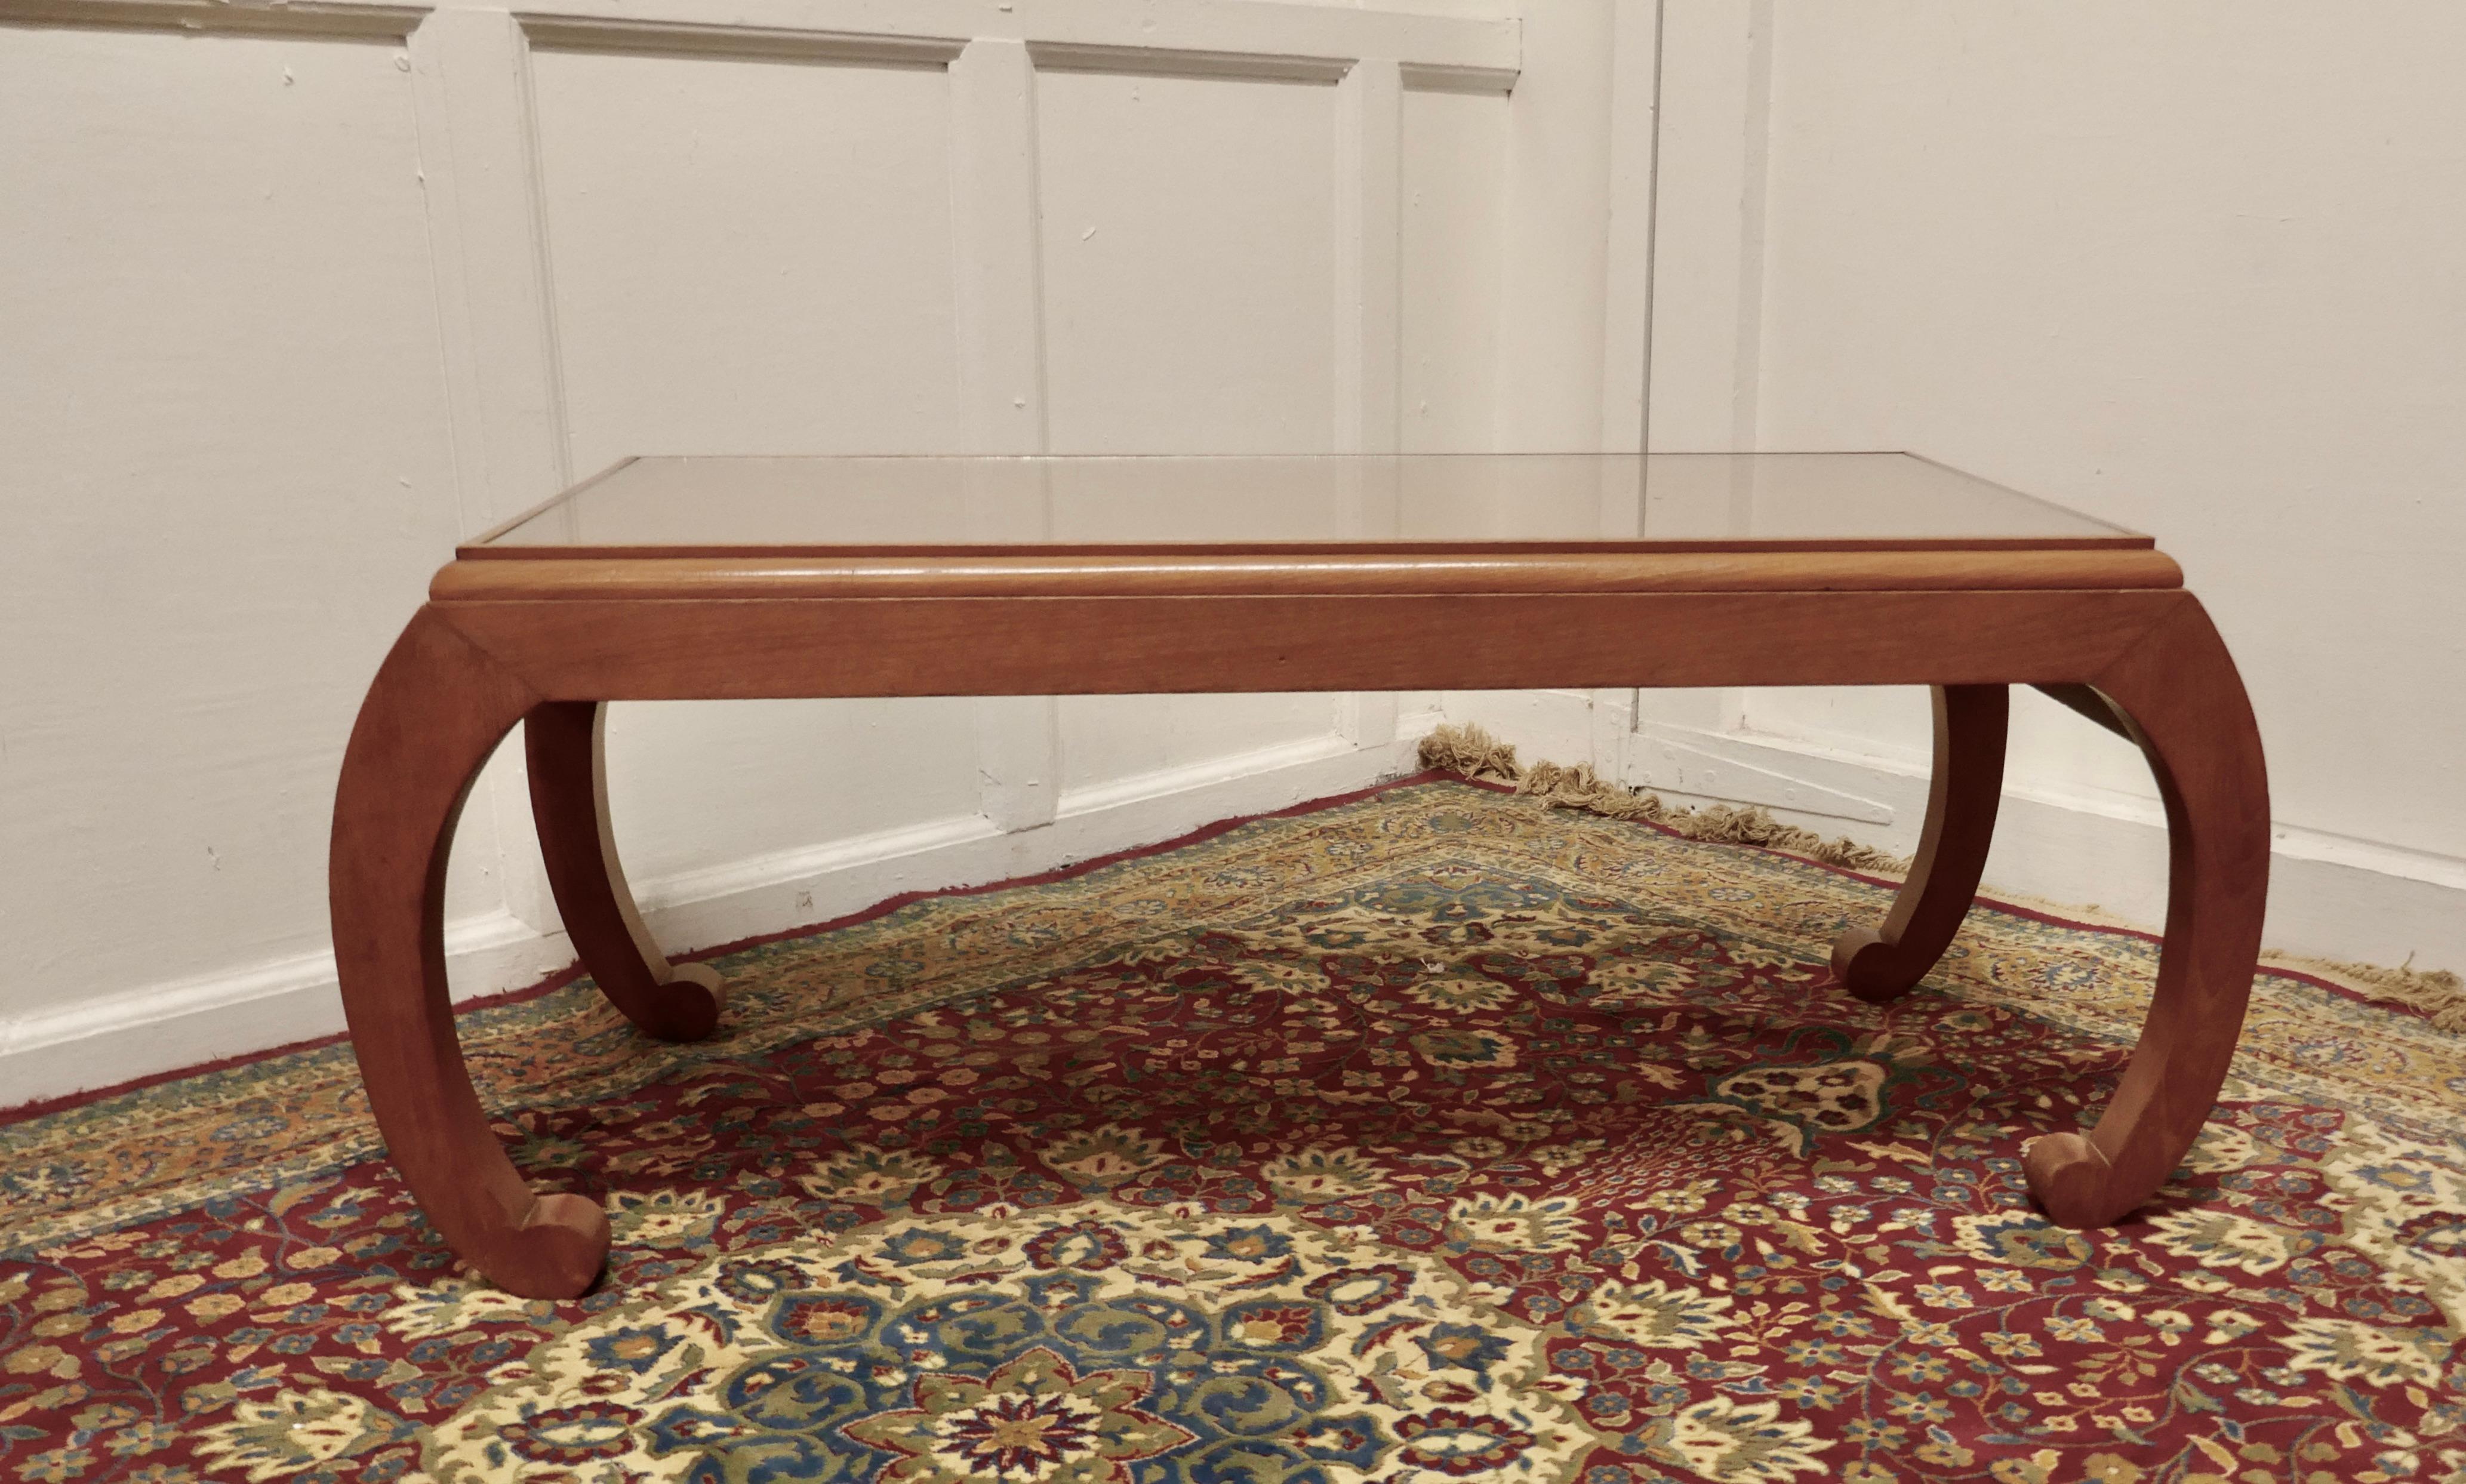 Oriental Satin walnut low table, coffee table

This is a very attractive piece, the table is in the style of an opium table, it has a carved border beneath the plate glass top
The table has an inset plate glass top which protects the the top when

....

• TASK REQUIREMENTS: Word for word, retype the material above without its pictures.

• TASK OUTPUT:
 Oriental Satin walnut low table, coffee table

This is a very attractive piece, the table is in the style of an opium table, it has a carved border beneath the plate glass top
The table has an inset plate glass top which protects the the top when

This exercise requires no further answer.